L’UE se retrouve une fois de plus sur la touche dans le cadre du conflit opposant les Kurdes à la Turquie. « Il n’y a pas grand-chose que nous puissions faire », nous disent le plus souvent nos politiciens. Une proposition néerlandaise de retirer l’argent que la Turquie, pays candidat à l’adhésion à l’Union européenne, reçoit déjà de Bruxelles, n’a pas été retenue. Certains chefs de gouvernement estiment déjà que l’embargo sur les armes qui a été décrété était un exploit.
Il y a une semaine, le même Erdogan avait menacé de relâcher 3,6 millions de réfugiés syriens en Europe si l’UE ne ravalait pas ses critiques sur l’opération turque en Syrie. Il y a presque 4 ans, la Turquie et la Commission européenne ont signé un accord sur la question des migrants.
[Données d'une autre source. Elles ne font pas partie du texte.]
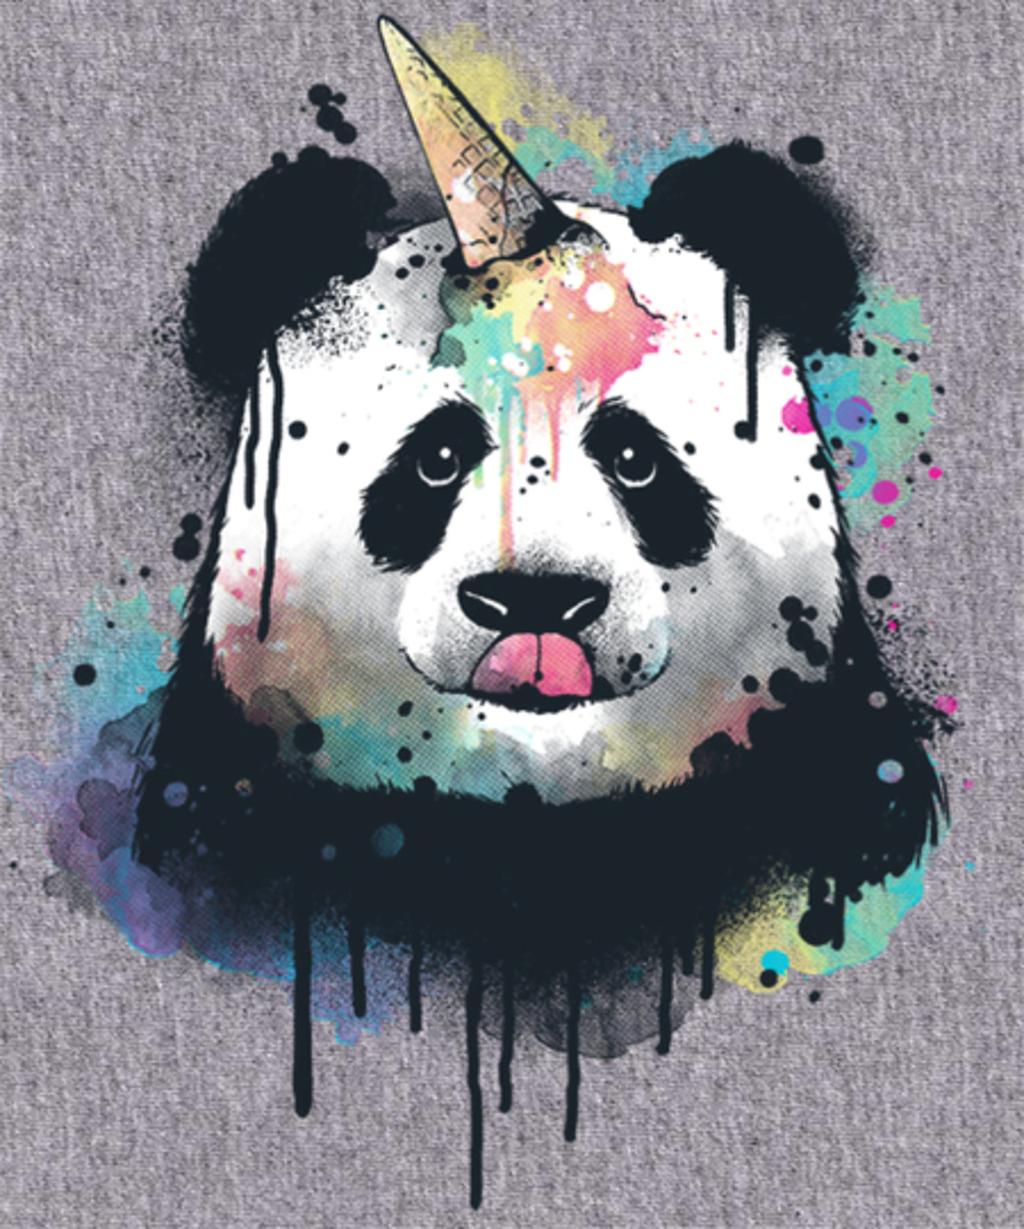 Qwertee: Ice cream pandacorn

La Turquie a également promis de reprendre les migrants en situation irrégulière qui avaient utilisé le pays comme voie de transit. En échange, le gouvernement turc a reçu 6 milliards d’euros de l’Union européenne. C’est de cette manière que l’on a pu réduire considérablement le flux de réfugiés arrivant par mer en Grèce.
Le fait que la Turquie soit membre de l’OTAN complique encore plus la situation. La situation géographique et la taille du pays, ainsi que la qualité de son armée, le rendent pratiquement indispensable. Dans la lutte contre les Kurdes, le partenaire le plus puissant de l’OTAN, les États-Unis, a décidé de détourner son regard. « Nous ne pouvons donc rien faire », déclare Bruxelles. Mais est-ce vrai ?
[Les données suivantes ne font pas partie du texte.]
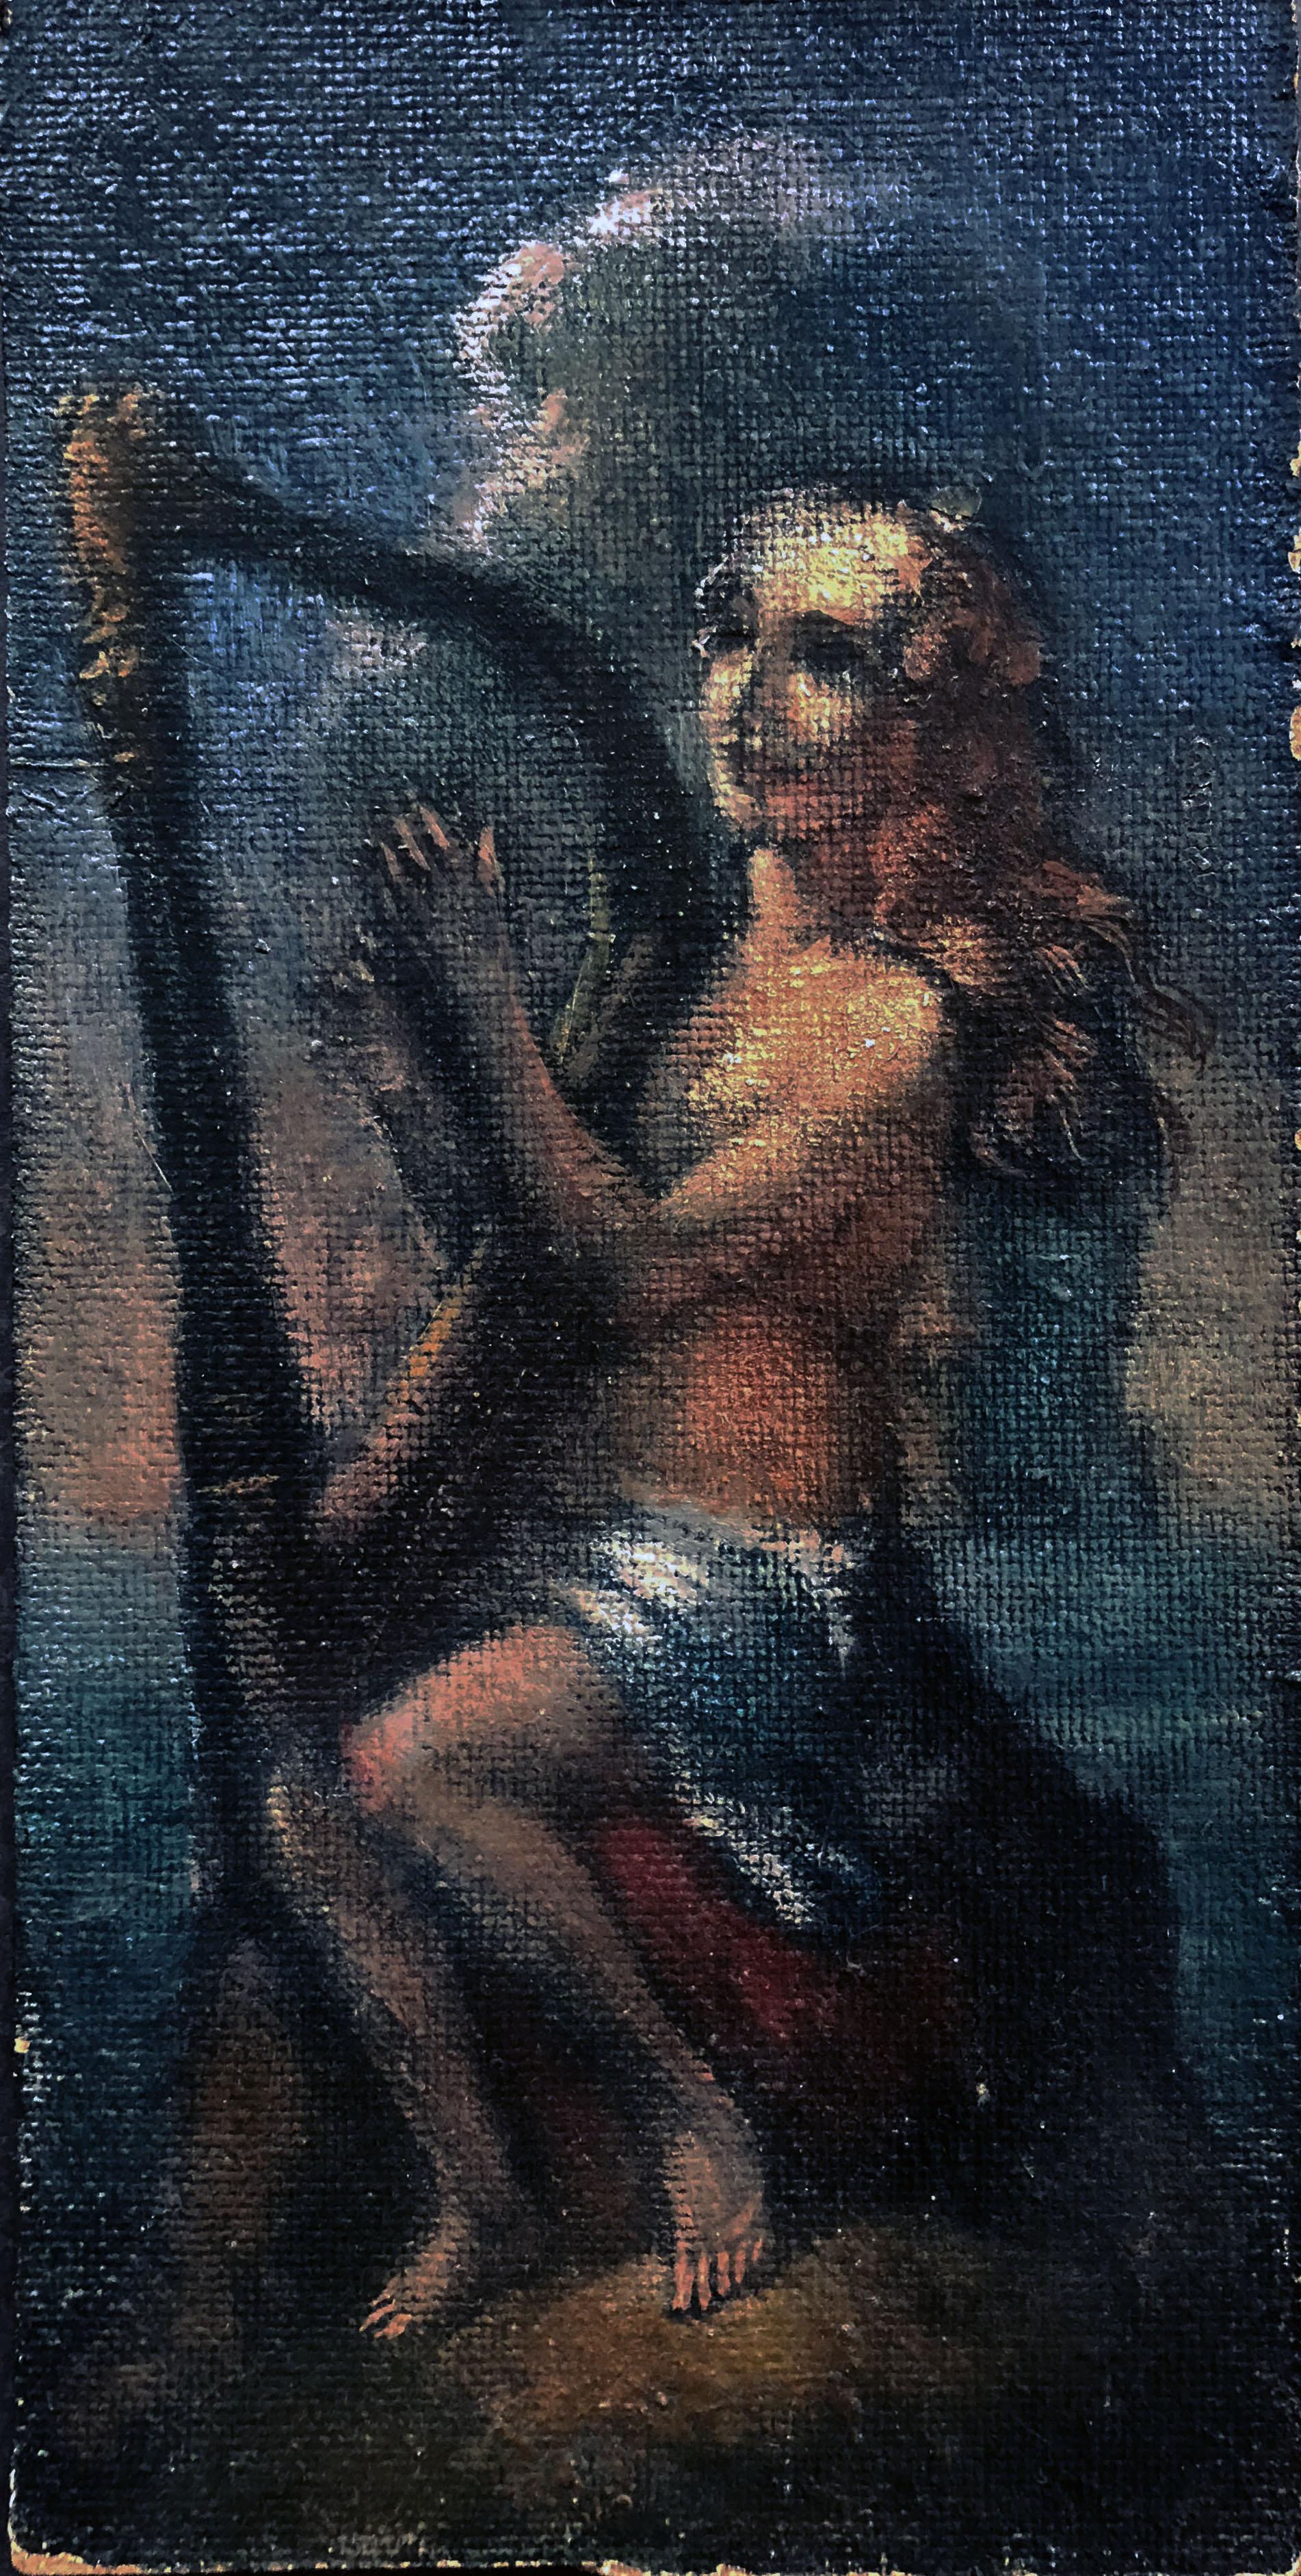 Henri van der Velde (1896-1969), Jonge vrouw speelt harp

L’UE est 10 fois plus importante pour la Turquie que les États-Unis
Un graphique de l’Atlas of Economic Complexity (Université de Harvard) montre à quel point l’UE est importante pour la Turquie. Chaque année, près de 77 milliards d’euros de marchandises quittent la Turquie pour les (encore) 28 pays de l’UE. (sur cette somme, 3,6 milliards étaient destinés à notre pays l’année dernière.) L’UE est donc 10 fois plus importante pour la Turquie que les États-Unis. L’Allemagne en particulier, qui représente 14,5 milliards d’euros, a donc un effet de levier sur le territoire du président Erdogan.
L’UE a déjà montré qu’elle ne craint pas d’imposer des sanctions économiques significatives aux pays tiers. A la Russie, par exemple, après l’annexion de la Crimée en 2014. Même à l’époque, beaucoup pensaient que l’Allemagne opposerait son veto, en raison des conséquences potentielles pour l’industrie allemande. Mais l’Allemagne s’est jointe à nous.
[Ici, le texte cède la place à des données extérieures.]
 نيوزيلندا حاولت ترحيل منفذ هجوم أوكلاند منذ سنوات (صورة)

Maintenant que les ministres des Affaires étrangères de l’UE envisagent des sanctions contre le régime Erdogan, il est bon de leur rappeler qu’ils ont plus de d’options qu’un timide embargo sur les armes. En ne choisissant pas de sévir contre la Turquie, les 28 pays de l’UE confirment également qu’ils abandonnent les Kurdes, aussi bien intentionné que l’embargo sur les armes puisse être.